Let’s summarize the RMSEs of the different models we developed along this project:
results_table <- tibble(Model = c("Benchmark", "Movie Bias", "Movie & User Biases", "Regularised Movie & User Biases"), RMSE = c(RMSE_1, RMSE_2, RMSE_3, RMSE_4))
results_table %>%
knitr::kable()
| Model | RMSE |
|---|---|
| Benchmark | 1.0603313 |
| Movie Bias | 0.9423475 |
| Movie & User Biases | 0.8567039 |
| Regularised Movie & User Biases | 0.8566952 |
The “Regularised Movie and User Biases” Model being the one with the lowest RMSE, we will now apply it to the “final_holdout_test” dataset. The fact that the “final_holdout_test” dataset comprises about 10% of the edx dataset observations shall further reduce its RMSE.
The model: \[Y_{u,i} = \mu + b_{m} + b_{u} + \epsilon_{u, i}\] With \(Y_{u,i}\) = predicted rating, \(\mu\) = the average rating, \(b_{m}\) = the movie effects, \(b_{u}\) = the user effects and \(\epsilon_{u,i}\) = independent errors centred at 0.
#Defining "lambda" for "final_holdout_test" dataset
lambdasReg2 <- seq(0, 10, 0.25)
RMSEreg2 <- sapply(lambdasReg2, function(l){
edx_mu2 <- mean(final_holdout_test$rating)
bm <- final_holdout_test %>%
group_by(movieId) %>%
summarize(bm = sum(rating - edx_mu2)/(n() + l))
bu <- final_holdout_test %>%
left_join(bm, by = 'movieId') %>%
group_by(userId) %>%
summarize(bu = sum(rating - bm - edx_mu2)/(n() + l))
predicted_ratings <- final_holdout_test %>%
left_join(bm, by = "movieId") %>%
left_join(bu, by = "userId") %>%
mutate(pred = edx_mu2 + bm + bu) %>%
.$pred
return(RMSE(predicted_ratings, final_holdout_test$rating))
})
#Applying model to "final_holdout_test
bm <- final_holdout_test %>%
group_by(movieId) %>%
summarize(bm = sum(rating - edx_mu)/(n() + lambda))
bu <- final_holdout_test %>%
left_join(bm, by = "movieId") %>%
group_by(userId) %>%
summarize(bu = sum(rating - bm - edx_mu)/(n() + lambda))
pred_reg <- final_holdout_test %>%
left_join(bm, by = "movieId") %>%
left_join(bu, by = "userId") %>%
mutate(predictions = edx_mu + bm + bu) %>%
.$predictions
# Computing RMSE
RMSE_final2 <- RMSE(final_holdout_test$rating, pred_reg)
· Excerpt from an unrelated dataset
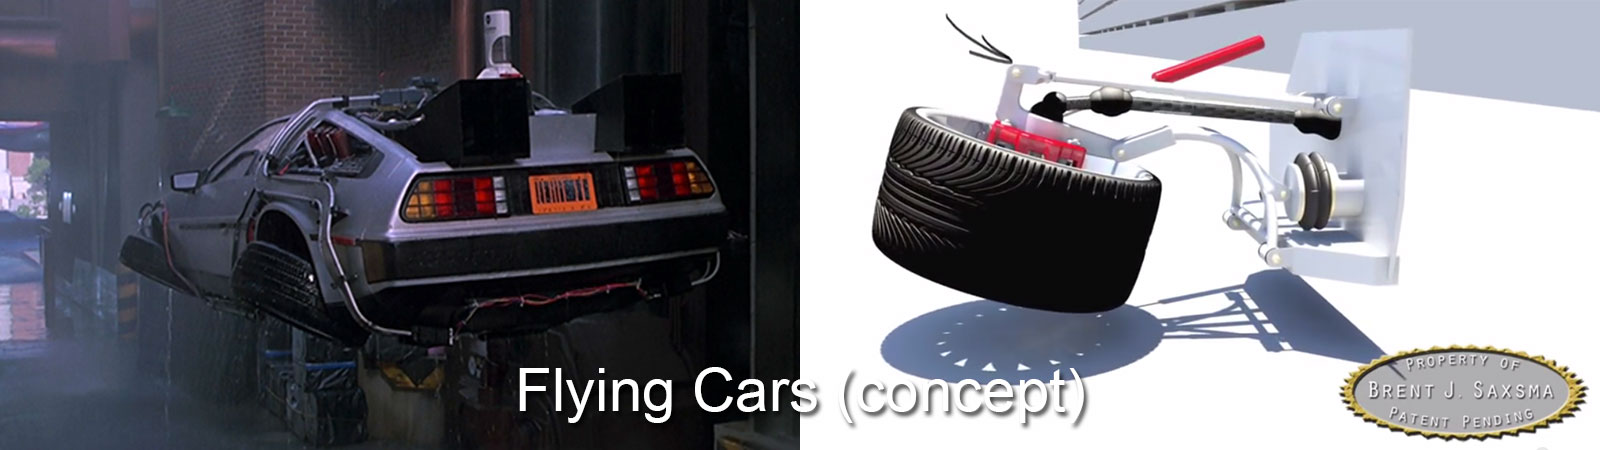 Back to the Future II vs. 2015 The Reality

resultfinal2_table <- tibble(Model = "Regularised Movie & User Biases", RMSE = RMSE_final2)
resultfinal2_table %>%
knitr::kable()
| Model | RMSE |
|---|---|
| Regularised Movie & User Biases | 0.8258487 |
With a RMSE at 0.8258, the objective of the exercise has been achieved !
While we built a machine learning model to predict movie ratings in the MovieLens Dataset that matches the requirements of this exercise, it is clear that we could have gone further at building a stronger model by taking in account other perspective such as “Movie Age”, “Genre”, etc. We could have as well developped more complex models based on, for example, Distributed Random Forest or many more. We focused on the most basic model development: we achieved our goal.